Places like this existed all across the US, especially in the older cities on the East Coast, but Cain had never actually been inside one. He wasn’t rich enough, important enough, or well bred enough to obtain membership.
‘Welcome to L’infini, Mr Cain.’
Cain glanced over at the attractive blonde woman positioned behind a reception desk. She was smiling at him, but it was a polite, professional kind of smile. Her gaze, on the other hand, was shrewd and calculating.
‘This is your first time with us?’
‘That’s right,’ he acknowledged, his tone guarded. ‘I have a meeting arranged.’
‘Of course.

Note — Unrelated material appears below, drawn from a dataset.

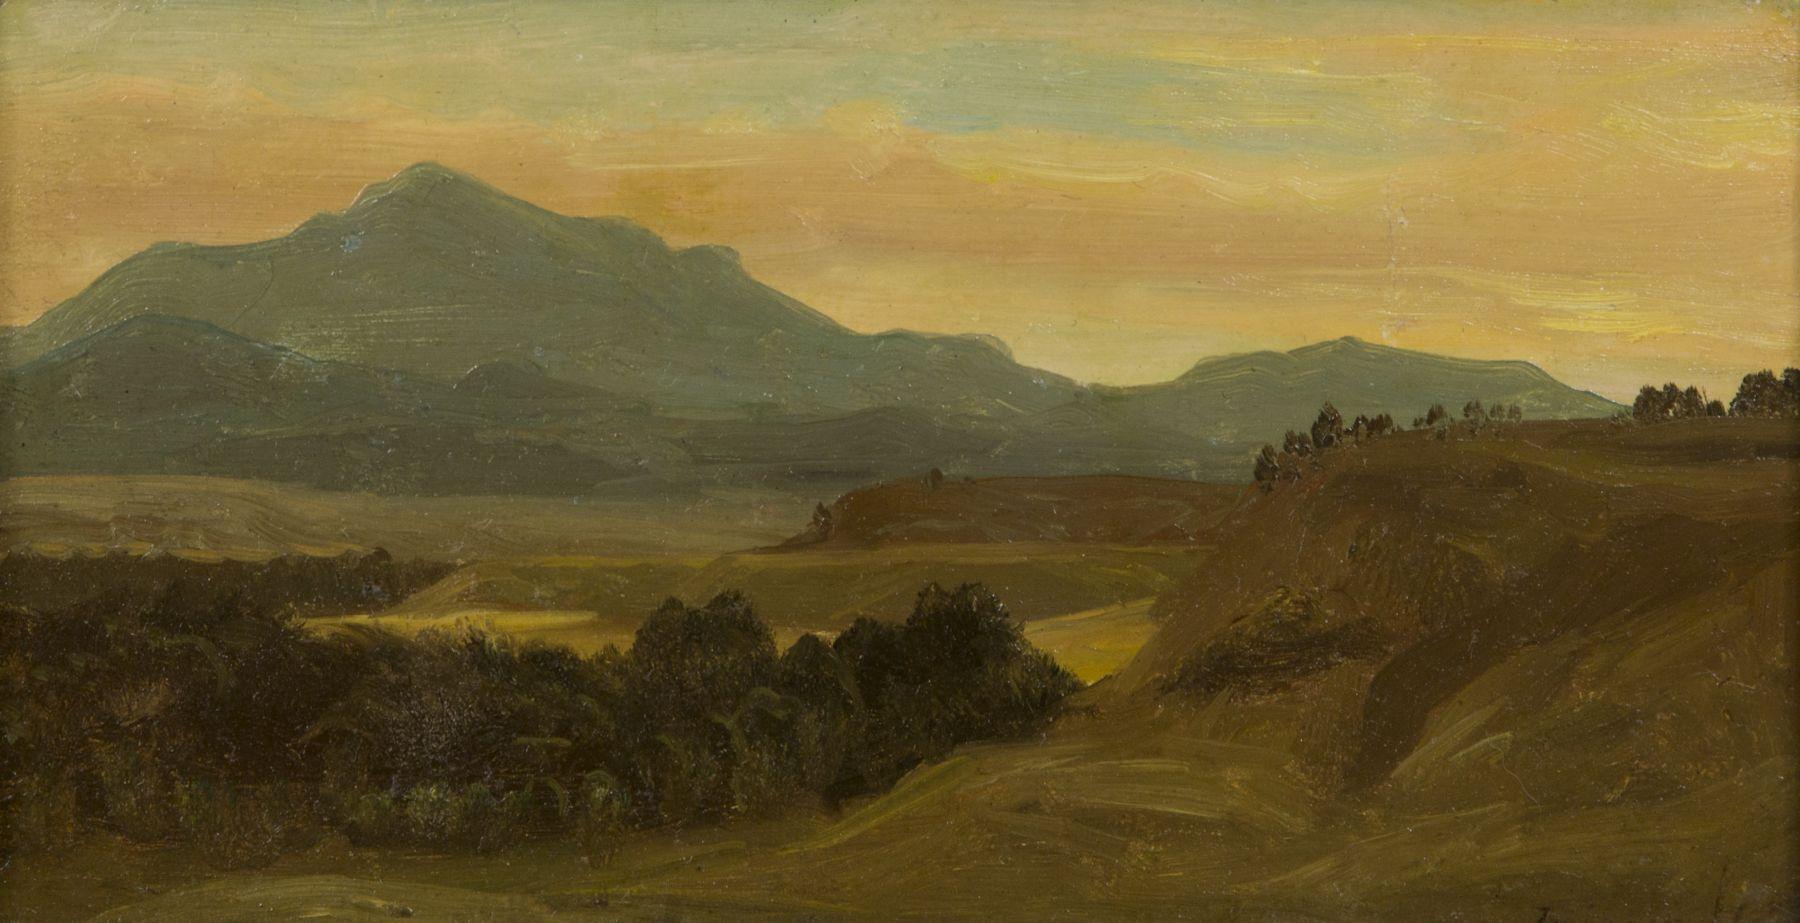 Bierstadt, Albert, Western landscape

Please, wait here and someone will be along to escort you.’
‘I can make my own way.’
The young woman opened her mouth to respond, but she was interrupted by another voice coming from the high arched entrance to the dining area.
‘Marcus. Good of you to come.’
Cain turned to face this new arrival, quickly taking in his appearance. He looked to be in his mid-forties, of average height, neither athletic nor overweight. His light brown hair, just starting to thin on top, was combed back from a high forehead and a thin, almost delicate face that showed its age quicker than it should have. Few could have called the man handsome, but his smile was confident and relaxed as he stepped forward to shake Cain’s hand.
‘Hope I didn’t keep you waiting long?’
‘Not at all,’ Cain said as he shook it. ‘I… don’t believe we’ve met?’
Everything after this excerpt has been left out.